India's GSAT-16 launched

December 07, 2014 07:41 am | Updated November 16, 2021 06:15 pm IST - Bengaluru

Ariane 5 VA221 vehicle with GSAT-16 rolls out to the launch pad at Kourou space port in French Guiana on Sunday.

Ariane 5 VA221 vehicle with GSAT-16 rolls out to the launch pad at Kourou space port in French Guiana on Sunday.

India’s communications satellite GSAT-16 was on Sunday, put on a Geosynchronous Transfer Orbit (GTO) by the European launcher Ariane 5 VA221, from the Kourou space port in French Guiana. Bad weather had delayed the flight by two days.

GSAT-16's 48 transponders - 12 in the C band, 12 in the extended C and 24 in the Ku band - cover the entire country and the Andaman & Nicobar islands.
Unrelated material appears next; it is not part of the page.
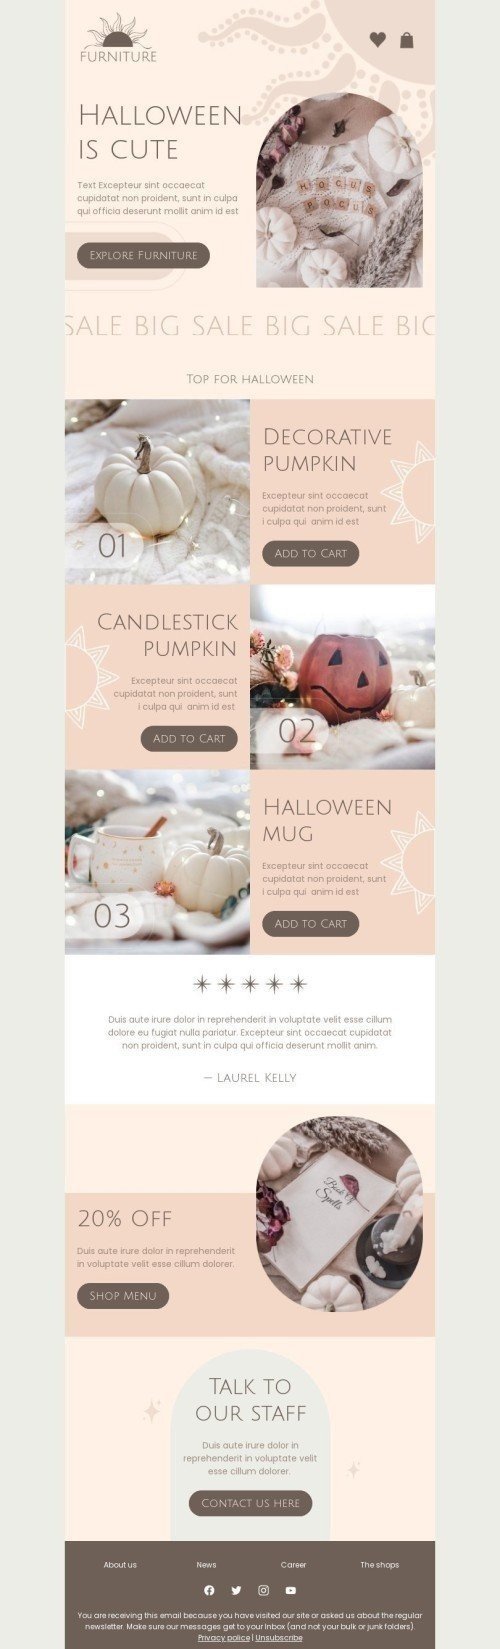 Modèle de courrier électronique Halloween «Halloween est mignon» pour le secteur Mobiliers, Intérieur & DIY Affichage ordinateur

The Indian Space Research Organisation (ISRO) briefly said the 3,181 kg GSAT-16 was put in orbit.

It was delivered on an Ariane 5 rocket along with US broadcast satellite DIRECTV-14, launch company Arianespace said.

GSAT-16 will be used by television, telephone, Internet, public and private operators. It replaces the INSAT-3E — which expired in April this year — at 55 degrees East longitude.

The cost of the satellite, built by ISRO in Bengaluru, and Arianespace's launch fee are put at around Rs. 880 crore.

ISRO last launched a communication satellite in January this year.

The satellite now goes around Earth in a temporary elliptical one about 36,000 km at one end and it must be adjusted gradually into a circular one.

The first post-launch exercise to increase the satellite's orbit will be taken up a day later at around 4 a.m. at the Master Control Facility, Hassan, ISRO chief Radhakrishnan had told The Hindu before the launch.

The MCF monitors and handles all national communication satellites throughout their life and is about 200 km from Bengaluru.

Lasting 103 minutes, this will be one of the longest orbit adjustments that ISRO engineers have performed.

"Almost 66 per cent of orbit-raising will be covered in the first manoeuvre," Dr. Radhakrishnan had said.

Two more such orbit adjustments are planned for December 9 and 10.

"By noon [on December 10,] the third orbit-raising will be over and we have to deploy the solar panel and antenna. That is a crucial day," Dr. Radhakrishnan said.